Две сотни тонн металла, более твердого, чем сталь, и ставшего жидким при температуре четыре тысячи градусов, могли разрушить любую стену здания, убить всех, кто работал возле потока. Однако каждый дюйм пути его, каждый фунт давления и даже количество молекул внутри были просчитаны и назначены указанием осознанной воли, трудившейся над процессом в течение десяти лет.

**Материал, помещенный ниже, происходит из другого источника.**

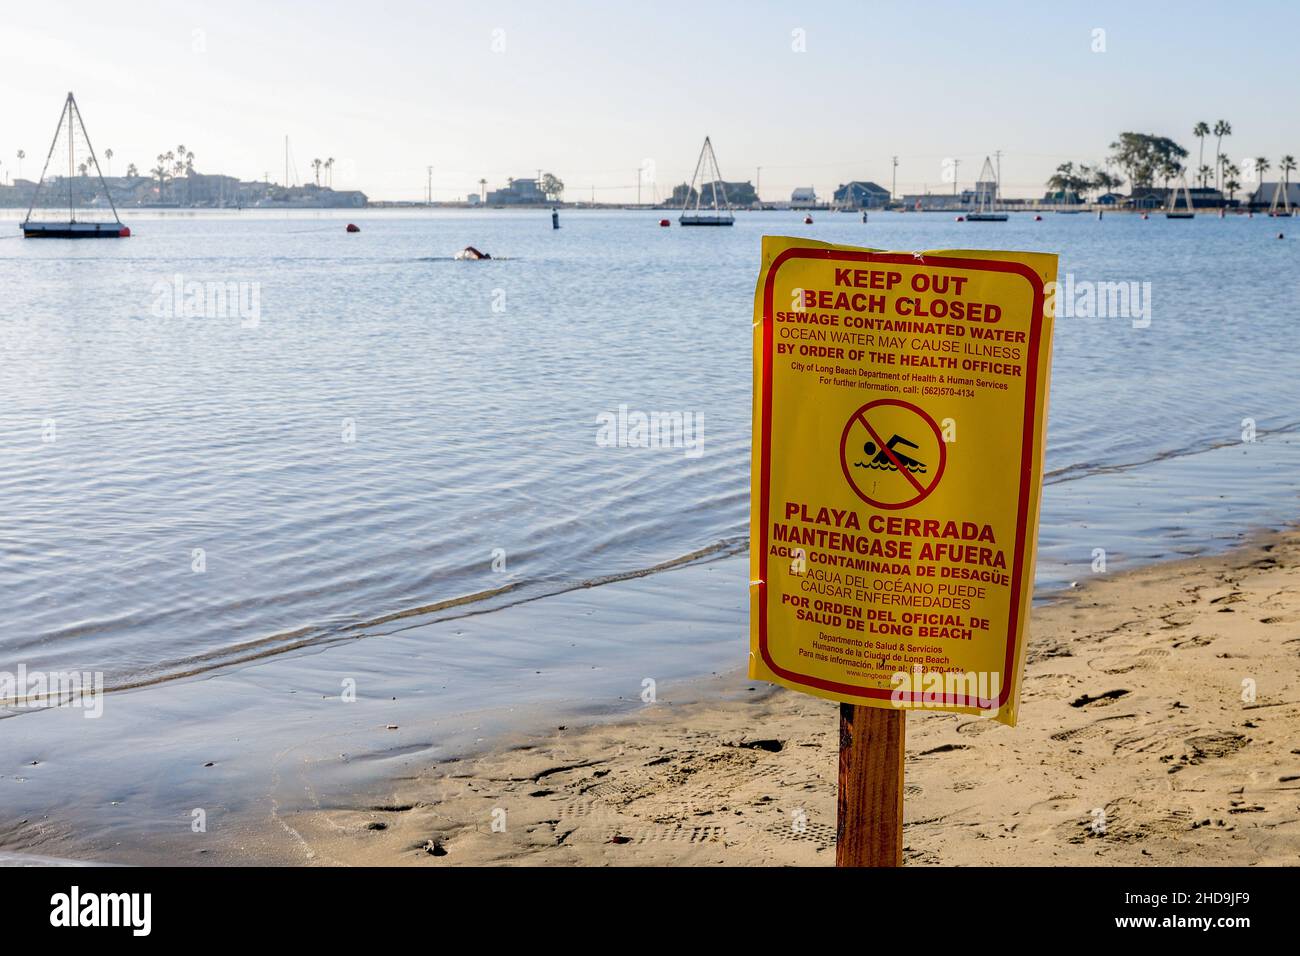 Long Beach, California, USA. 4th Jan, 2022. January 4th, 2022, Long Beach, California, USA: The City of Long Beach posted only a few signs in response to massive sewage spill. The spill was reported on December 30th when a 48-inch sewer mainline failed during the recent winter storm, leaking sewage into the waterway that empties into Los Angeles Harbor.Despite posted signs, some swimmers were still entering the water. (Credit Image: © Ron Lyon/ZUMA Press Wire) Stock Photo

Мечущийся под навесом красный свет выхватывал из темноты лицо человека, застывшего в дальнем углу; прислонившись к колонне, он ждал. Яркая вспышка на мгновение бросила клинышек света сперва на его глаза, цветом и видом напоминавшие голубой лед, потом на черное переплетение металла колонны и пепельные пряди его волос, потом на пояс спортивного плаща и карманы, в которых он держал руки. Высокий и тощий, он всегда превосходил ростом окружающих. Лицо его состояло прежде всего из выступающих скул и еще нескольких резких линий, оставленных, однако, не старостью. Так было всегда, и потому в молодости он казался старым, а сейчас, в сорок пять, молодым.

Насколько он помнил, ему всегда твердили, что лицо его уродливо — потому что было оно неподатливым, и отмечено жестокостью, потому что было невыразительным. Не стало оно выразительным и теперь, когда он глядел на раскаленный металл. Имя этому человеку было Хэнк Риарден.

Металл поднимался к краю ковша и переливался через край с наглой щедростью. Ослепительно-белые струйки стремительно побурели, а еще через мгновение превратились в готовые отломиться черные металлические сосульки. Шлак застывал толстыми бурыми гребнями, похожими на земную кору. Корка толстела, в ней вскрывались редкие трещины, и белая жидкость все еще кипела под ними.

вернуться

1

В оглавлении дано — Цепочка.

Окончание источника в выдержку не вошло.